## REQUIRED ACTION:
Your answer must be a word-for-word copy of the listing, with all pictures excluded.

:: DATASET CONTENT

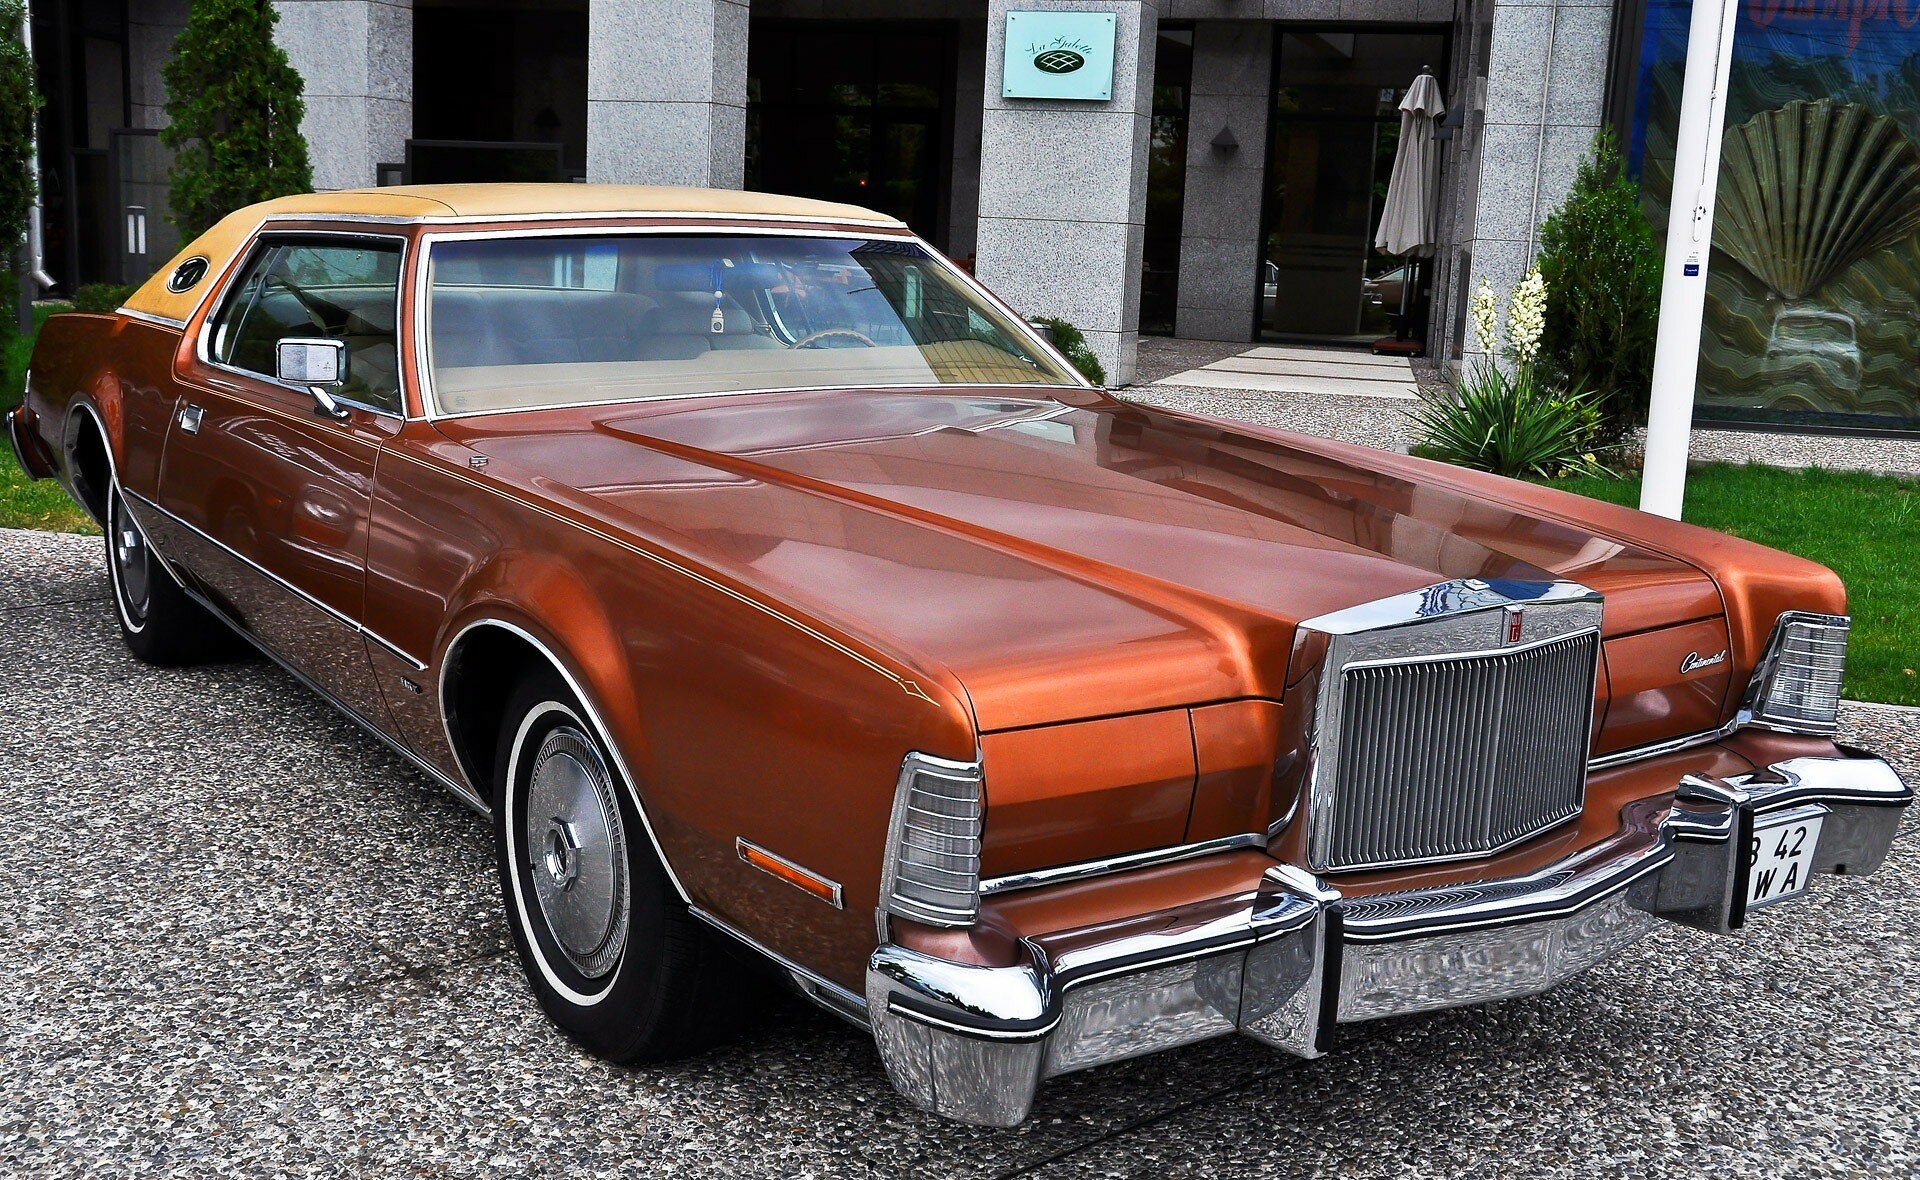 На аукціон виставили Cadillac з кришталевою люстрою в салоні
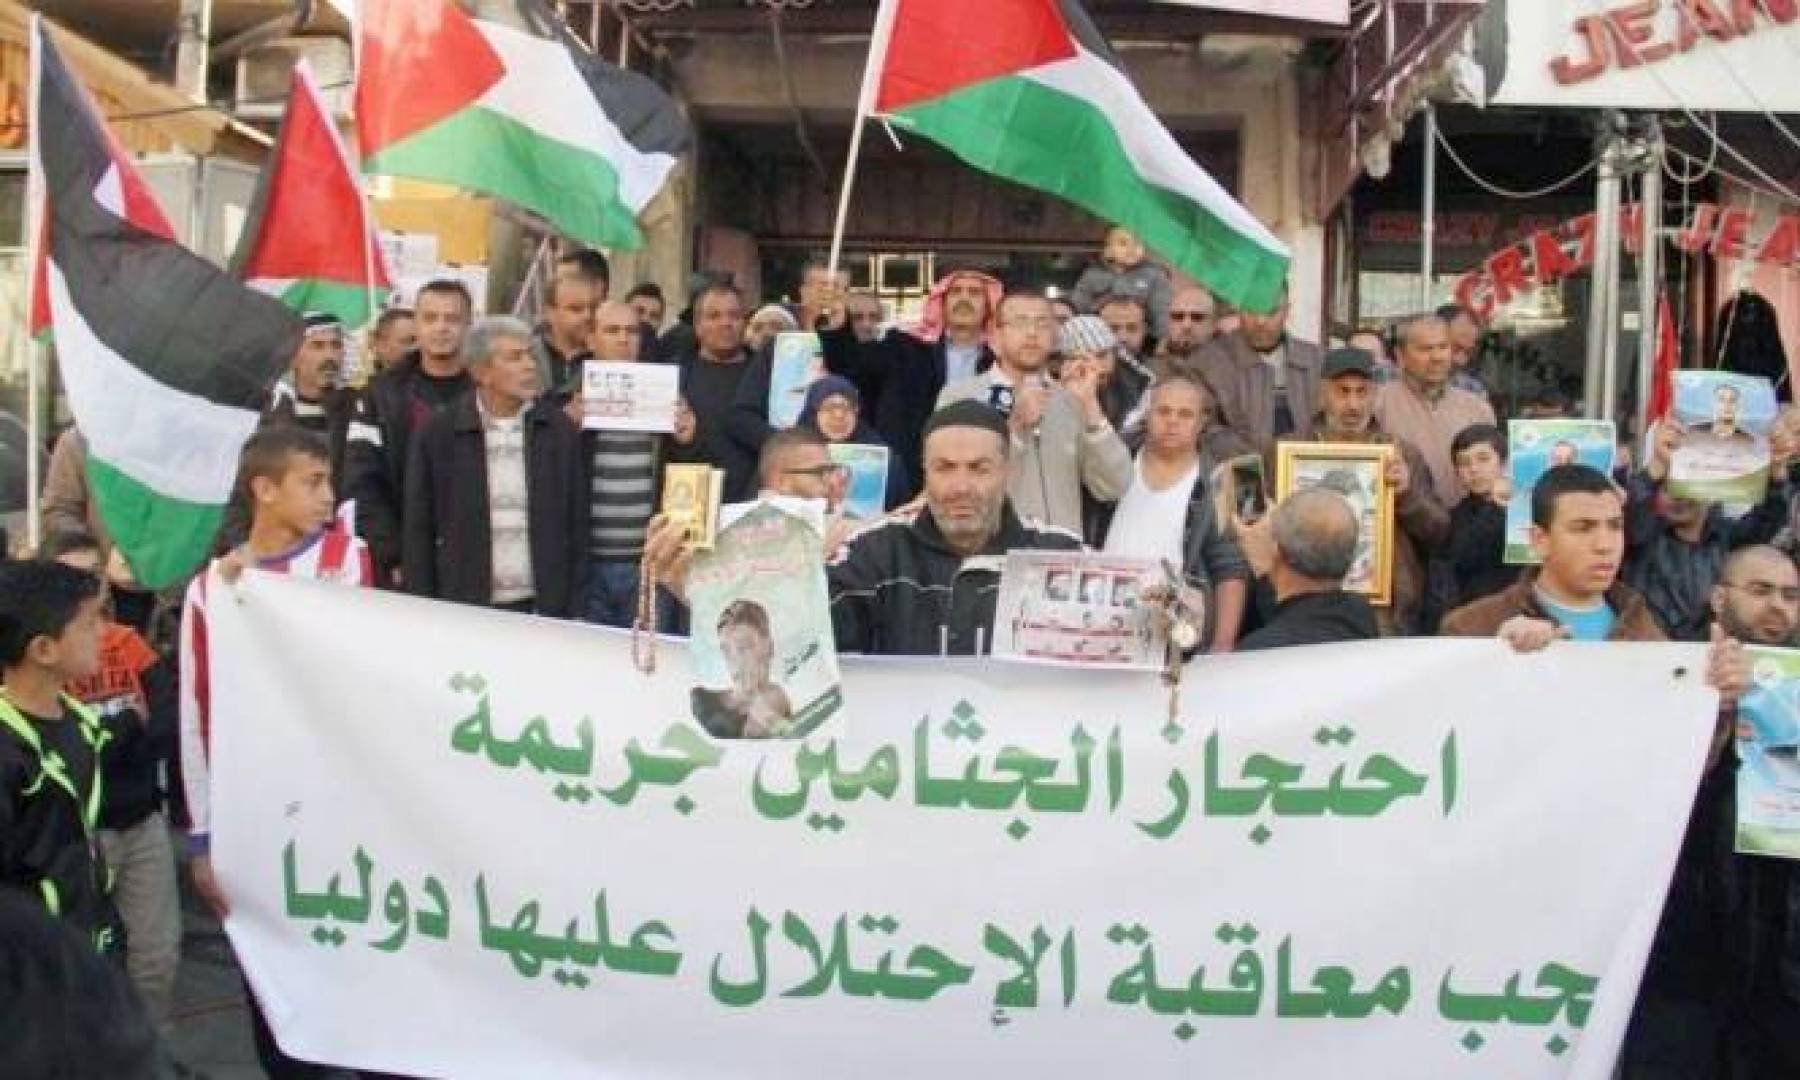 السادية الصهيونية تتلذ بمعاقبة أهالي الشهداء,, إحتجاز جثامين شهداء فلسطين جريمة يعاقب عليها القانون الدولي.
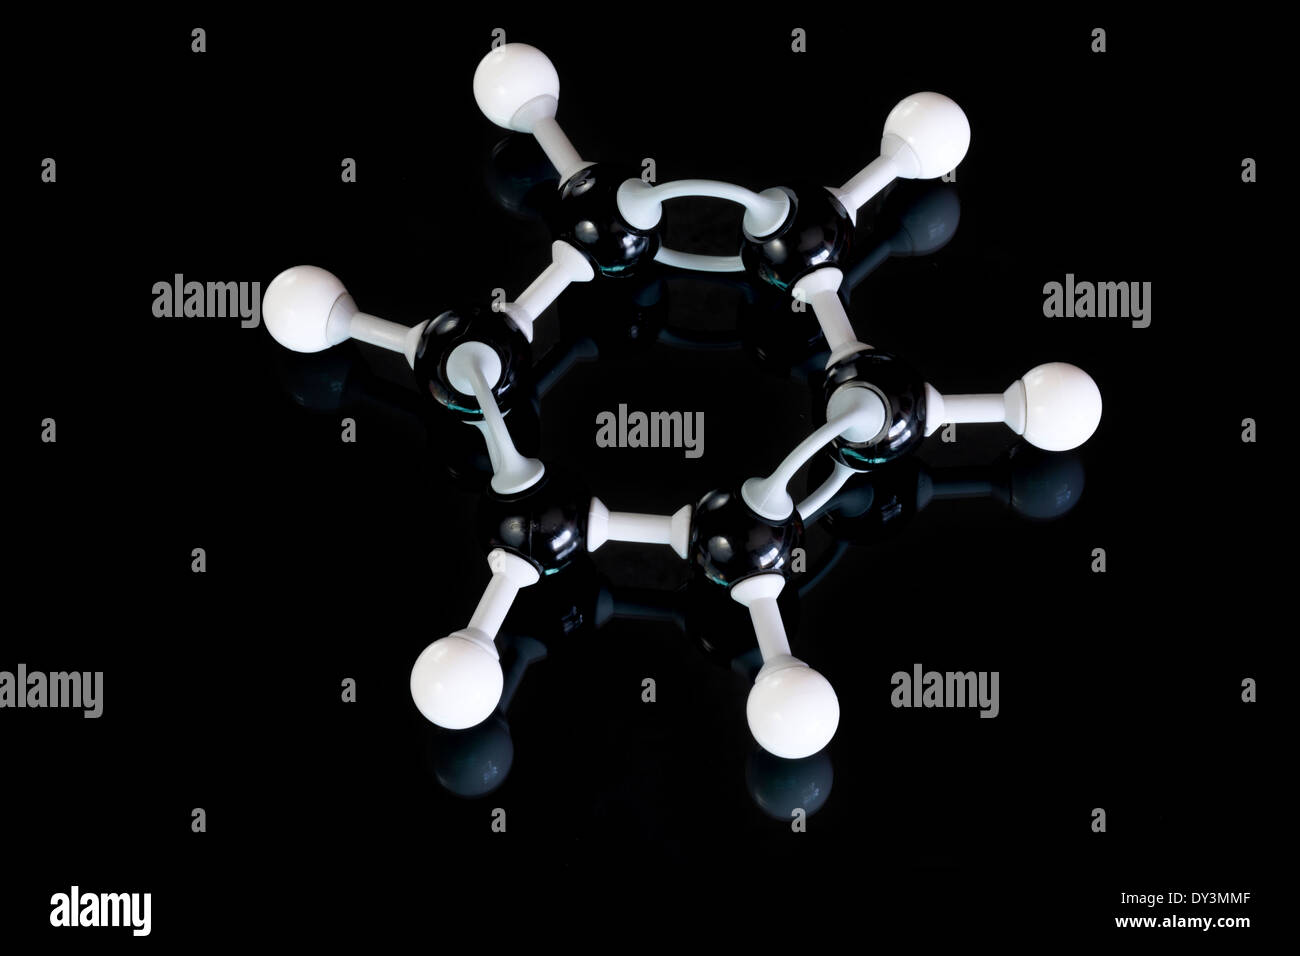 Modelo de molécula de benceno con bolas y varillas Foto de stock
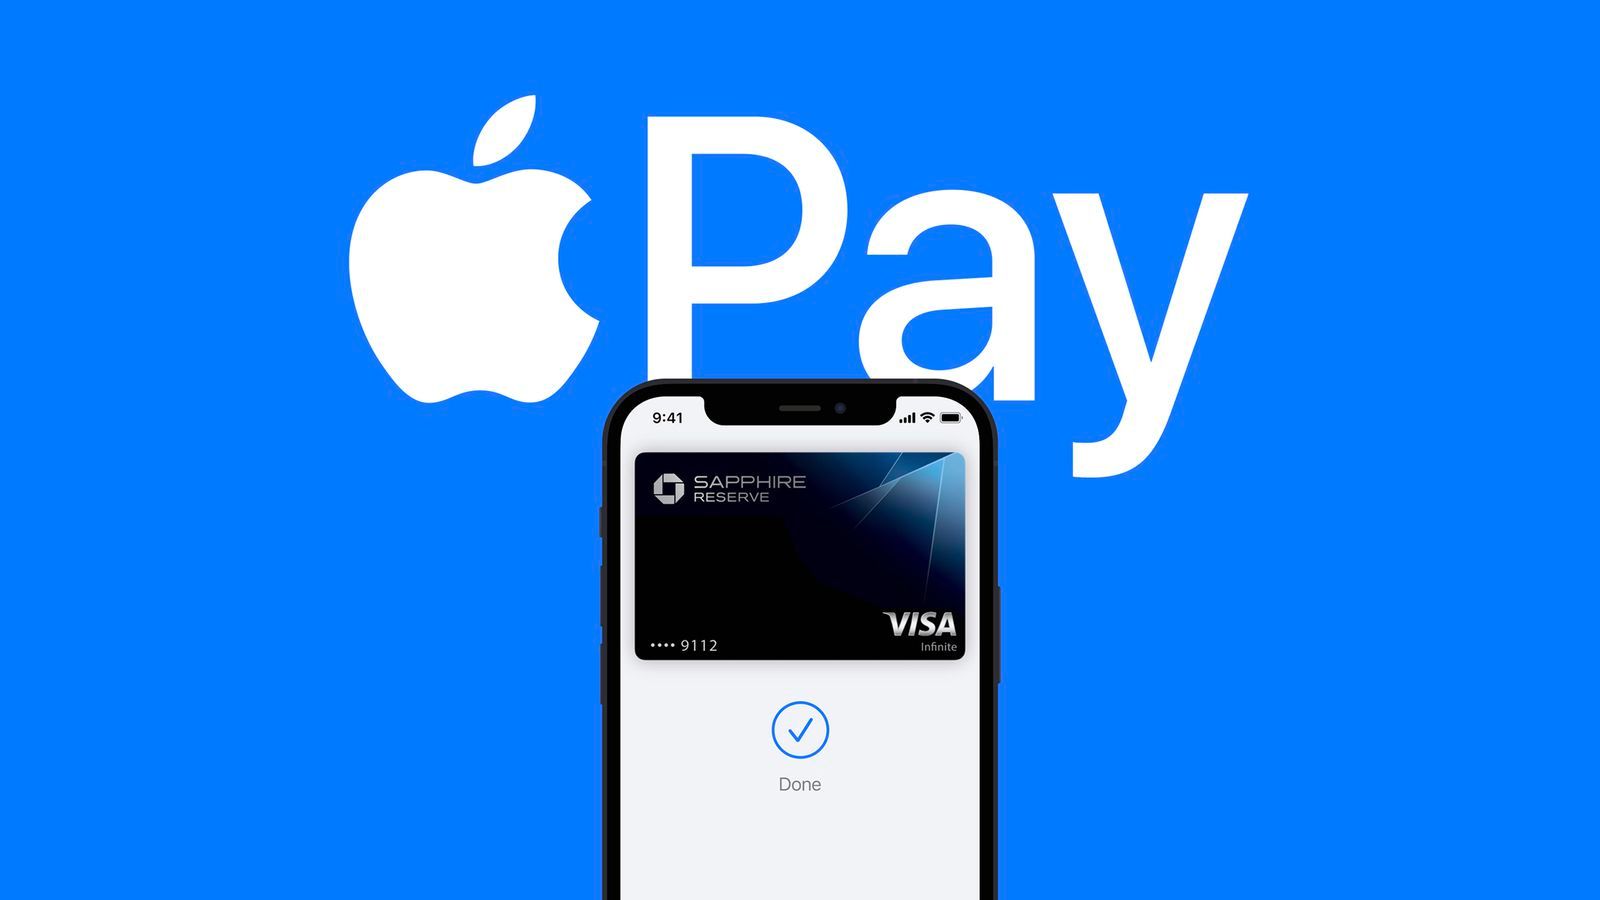 ЕС официально возражает против ограничений доступа третьих сторон к функциям NFC в Apple Pay

::::

## ANSWER SECTION:
 На аукціон виставили Cadillac з кришталевою люстрою в салоні
 السادية الصهيونية تتلذ بمعاقبة أهالي الشهداء,, إحتجاز جثامين شهداء فلسطين جريمة يعاقب عليها القانون الدولي.
 Modelo de molécula de benceno con bolas y varillas Foto de stock
 ЕС официально возражает против ограничений доступа третьих сторон к функциям NFC в Apple Pay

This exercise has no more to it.